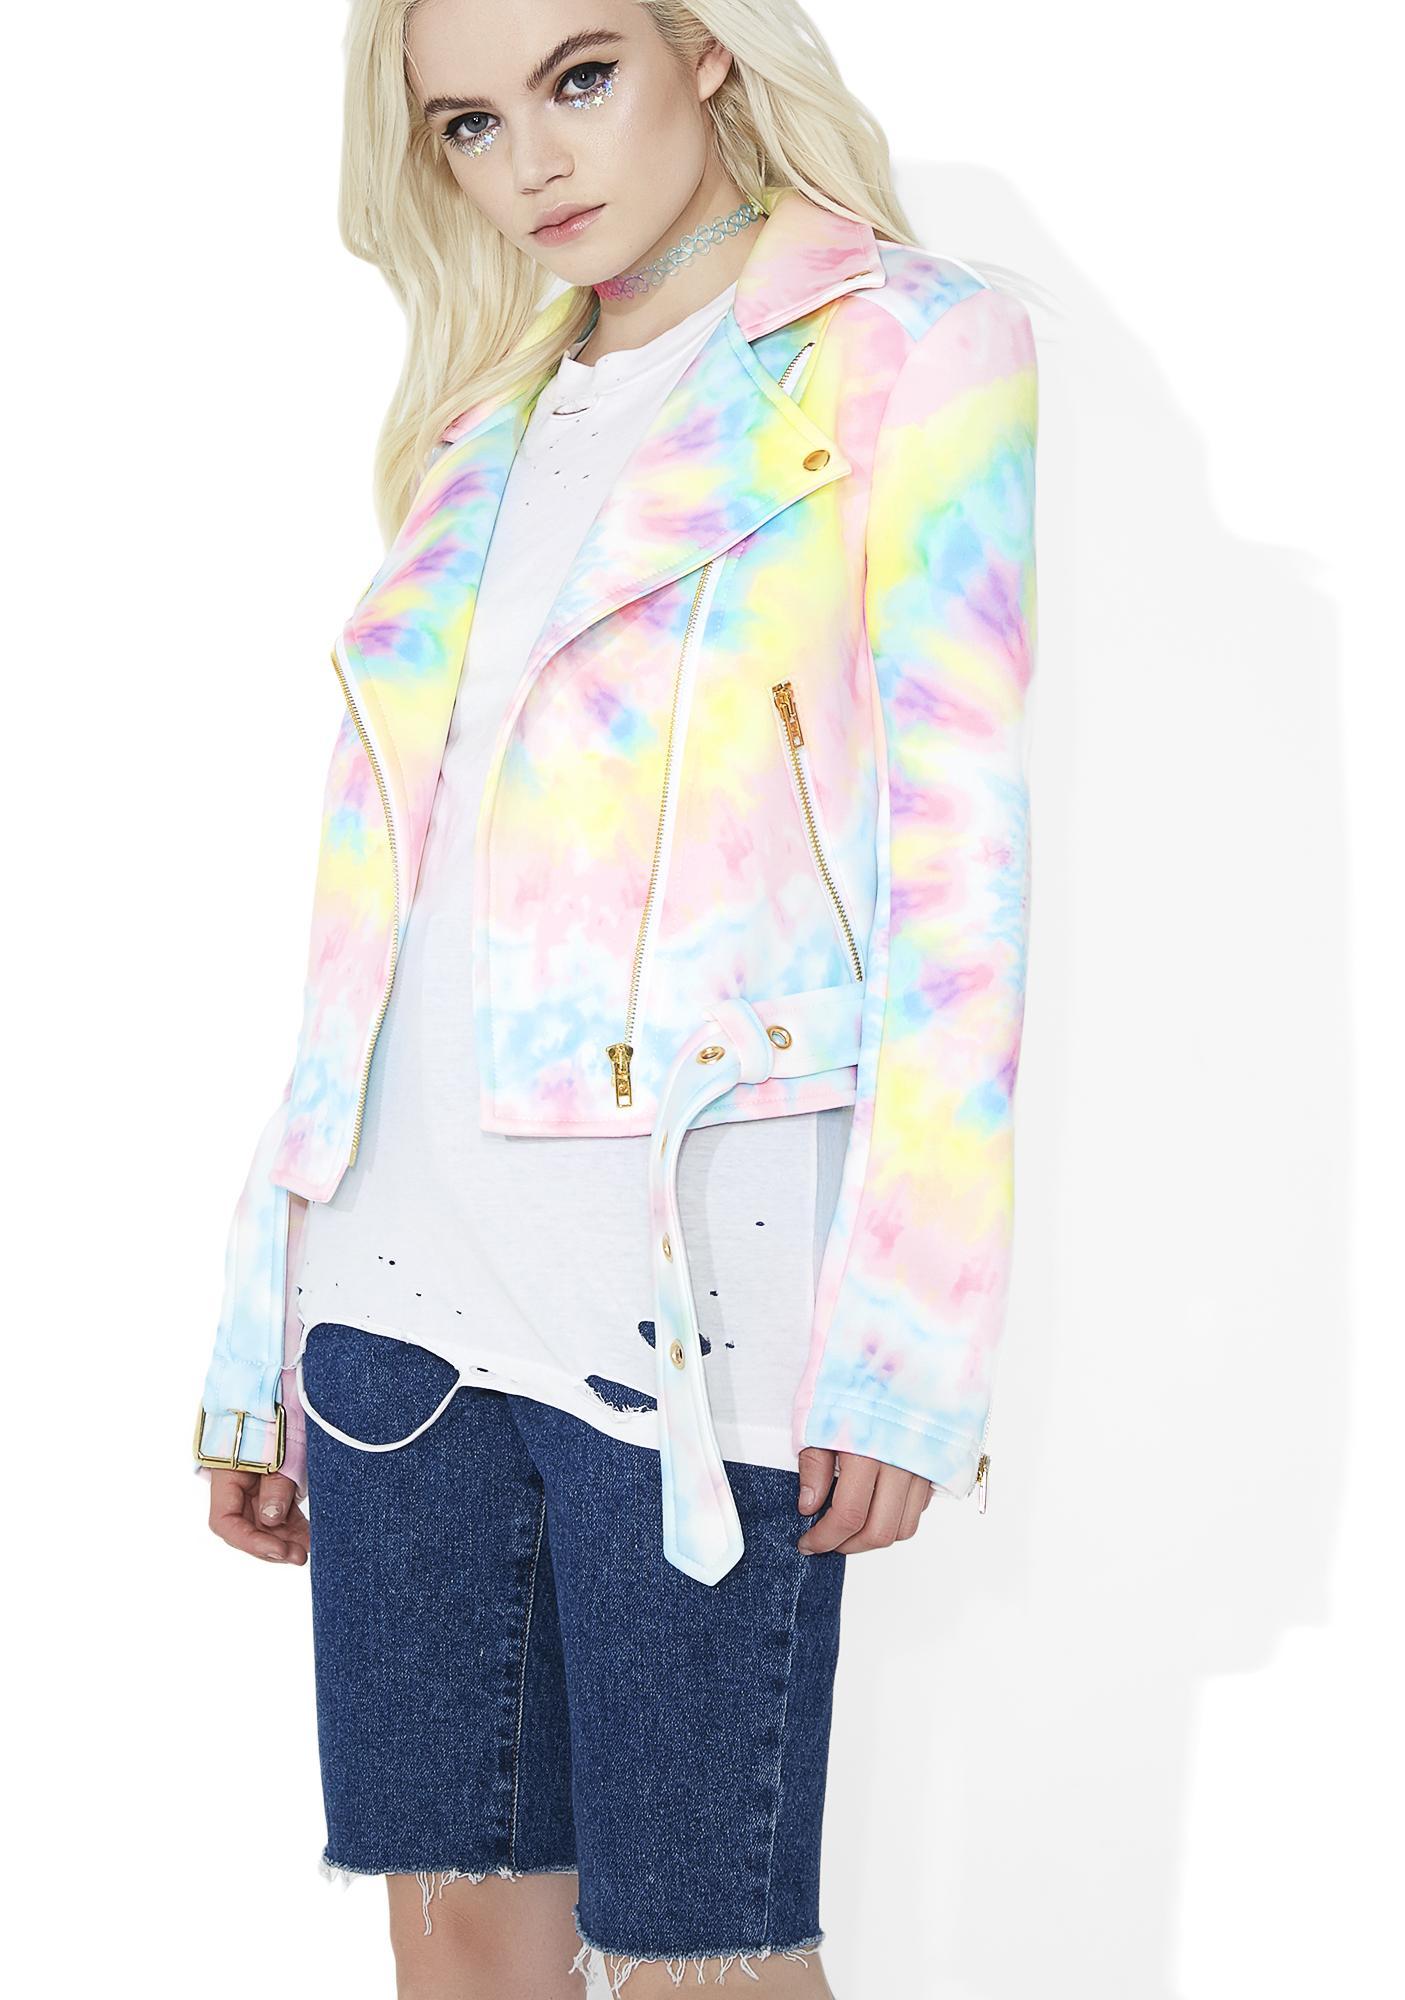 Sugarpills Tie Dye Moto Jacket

...

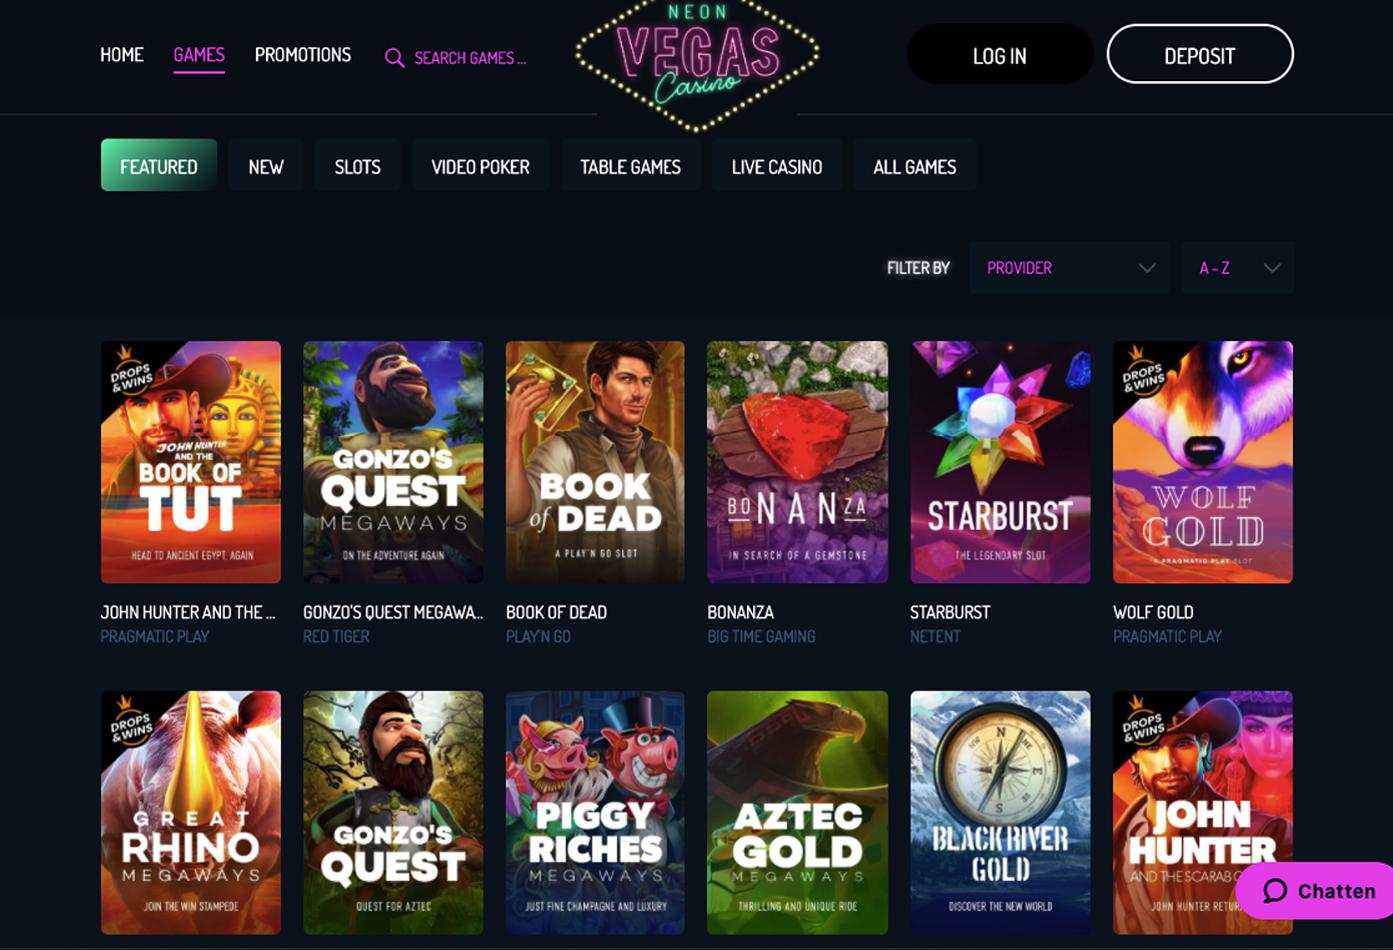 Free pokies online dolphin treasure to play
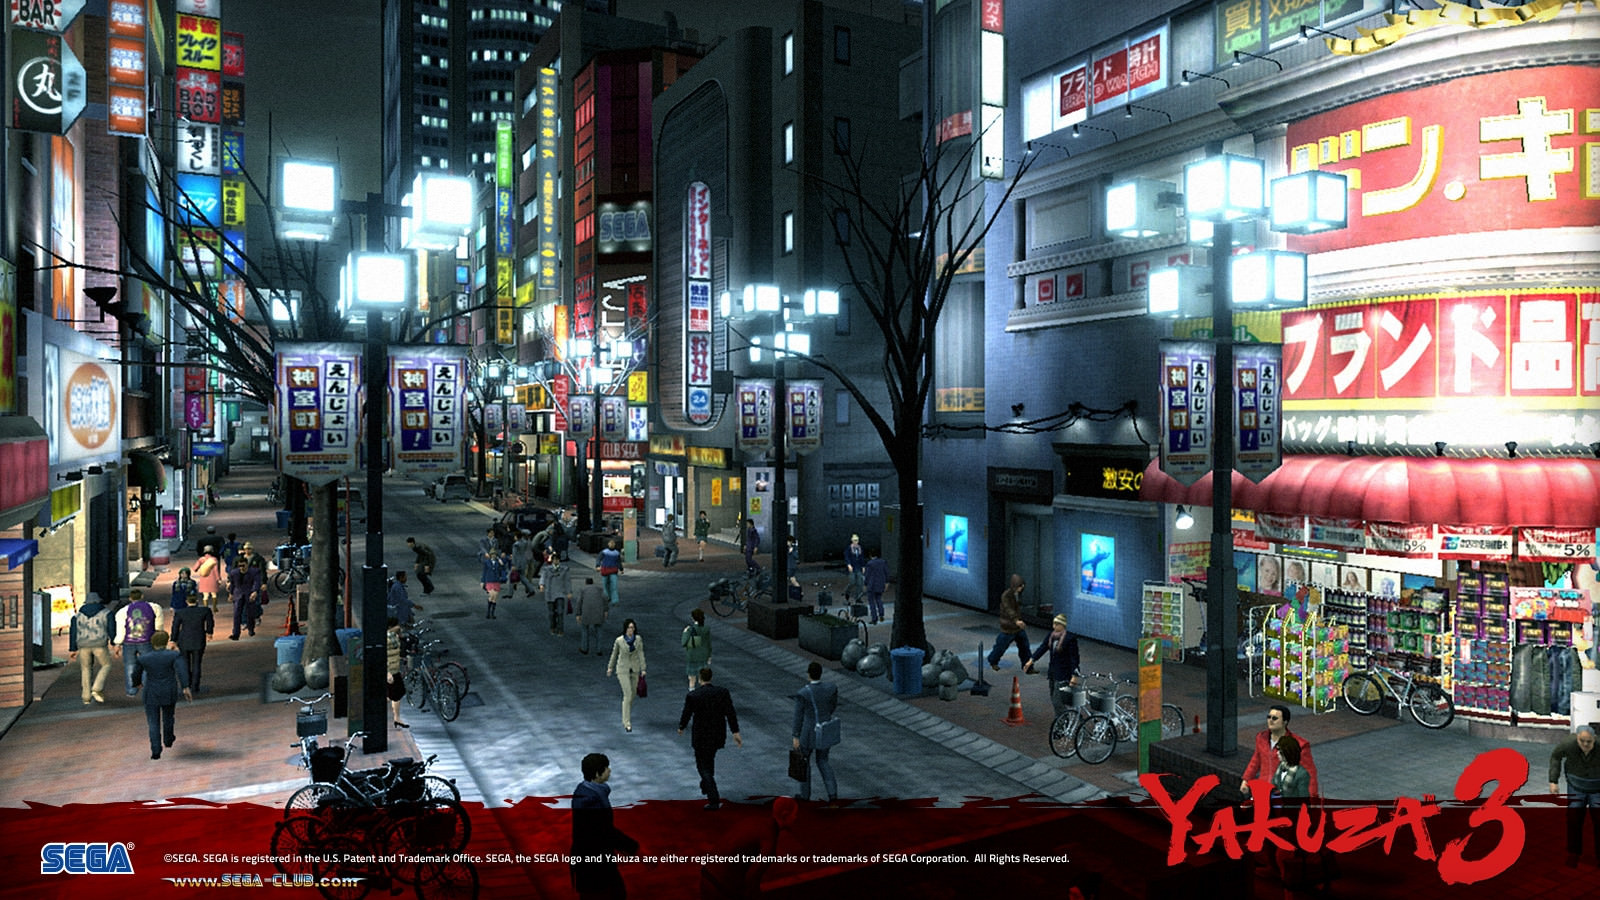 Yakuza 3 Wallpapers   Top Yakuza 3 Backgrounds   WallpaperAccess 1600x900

Work instructions
Beginning at the line above that contains "Free pokies online dolphin treasure to play" and going on through the line that contains "Yakuza 3 Wallpapers", please copy every line exactly, leaving the pictures out and adding nothing.

Answer to this exercise
 Free pokies online dolphin treasure to play
 Yakuza 3 Wallpapers   Top Yakuza 3 Backgrounds   WallpaperAccess 1600x900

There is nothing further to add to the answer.